Zopa started life as the world’s first ever peer-to-peer lender in 2005. In 2020, the company announced its intention to move away from P2P lending and secured a banking licence.
Fast forward 21 months and Zopa has transformed into an extremely rare fintech breed: it’s hit profitability — and is only the second challenger bank to do so, after frontrunner Starling.
So, how exactly has Zopa managed it? Sifted sat down with CEO Jaidev Janardana to find out in a recent edition of our weekly Fintech newsletter.
What’s driven up profitability?
We've had a very strong 2021. I think what is different with us, compared to a lot of the other neobanks, is the fact that we are focused on people's borrowing and savings needs. We can make a bigger impact on customers’ lives through that, and it is also a far more monetisable model: we get interest revenue as people borrow from us.
And over the last year and a half we’ve seen that the need for digital responsible credit, as well as good alternative savings opportunities, has increased. So we’ve really benefited from the capability we have built there. This focus helped us create a more sustainable business that is profitable, faster.
How much have you grown since you pivoted from P2P lending to banking?
We grew revenue by about 130% last year and we expect to more than double it again this year. We’ve now turned a profit of under £1m. We're a touch under 1.5bn loans on the balance sheet now, and we crossed the billion mark for deposits earlier this year. We expect to double the amount of deposits again over the next 12 months — people like our competitive rates, particularly at a time like this. In terms of customer numbers, despite having been around for some time, we actually grew customer numbers by about 60% last year.

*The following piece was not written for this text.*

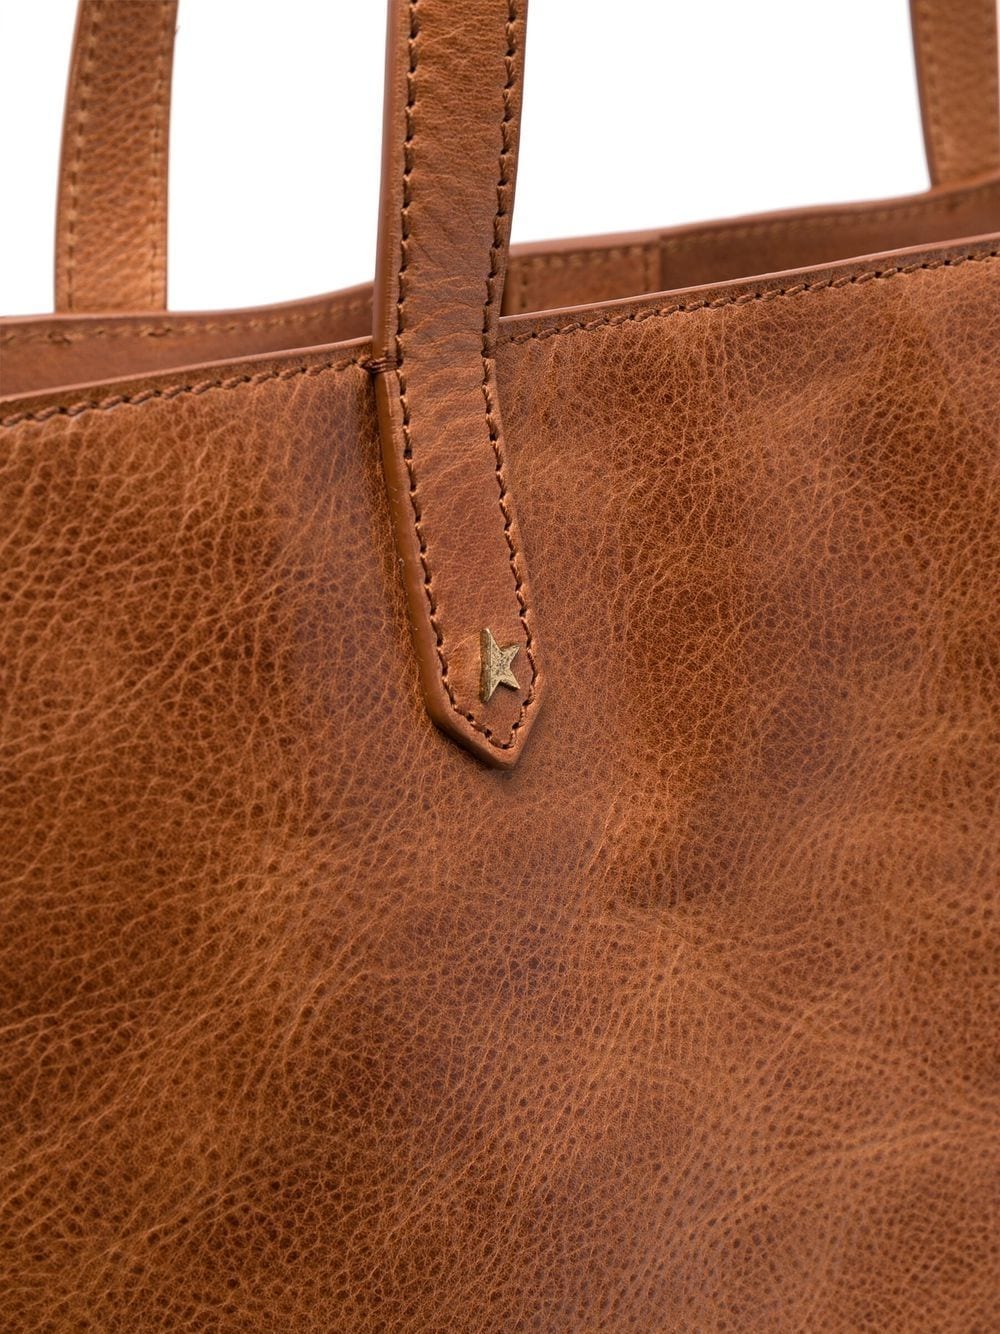 Golden Goose logo-stamp Leather Tote - Farfetch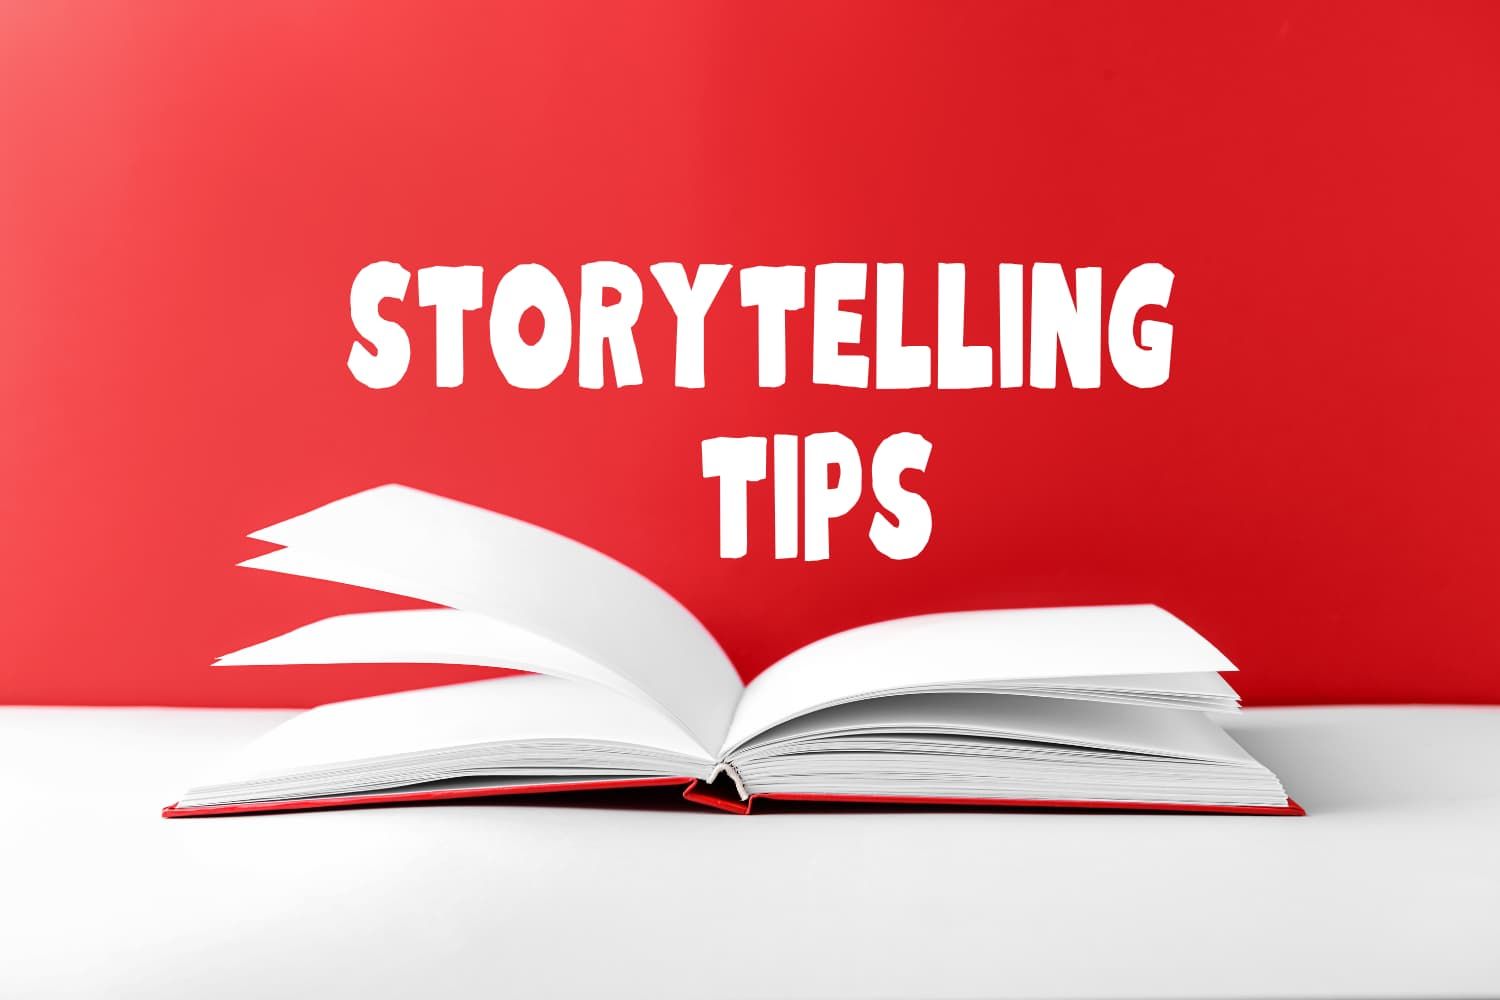 Storytelling%20tips%20-%20NT%20The%20pharisee%20and%20the%20tax%20collector%20-%20Teaching%20the%20parable%20of%20the%20tax%20collector%20and%20pharisee-bb2ec4e5 Self-image / identity

At your last raise you spoke of profitability as the benchmark for an IPO. Is that still the plan?
From a business standpoint, it's great that we are profitable, and we expect to continue to be profitable going forward on a quarterly basis. This was one of the things I wanted to make sure we did before we went public. But our business is well capitalised and we don't need to be in a hurry — we have the support of existing investors who could give us more runway if we need it.
So it really depends on market conditions. We live in an uncertain world right now. The IPO market has dropped dramatically this year, and we will just have to monitor how those things change. We’re lucky to have flexibility to choose the right time, and it’s hard to tell when it will recover. It’s more of a watch and wait.
Would you still prefer the UK over the US for a listing?
We would like our listing to be in London. We'll have to make the right choice for the business as and when the time comes, but we are a UK business focused on UK consumers. And I think there are some good things happening in the UK that will make it easier to list here.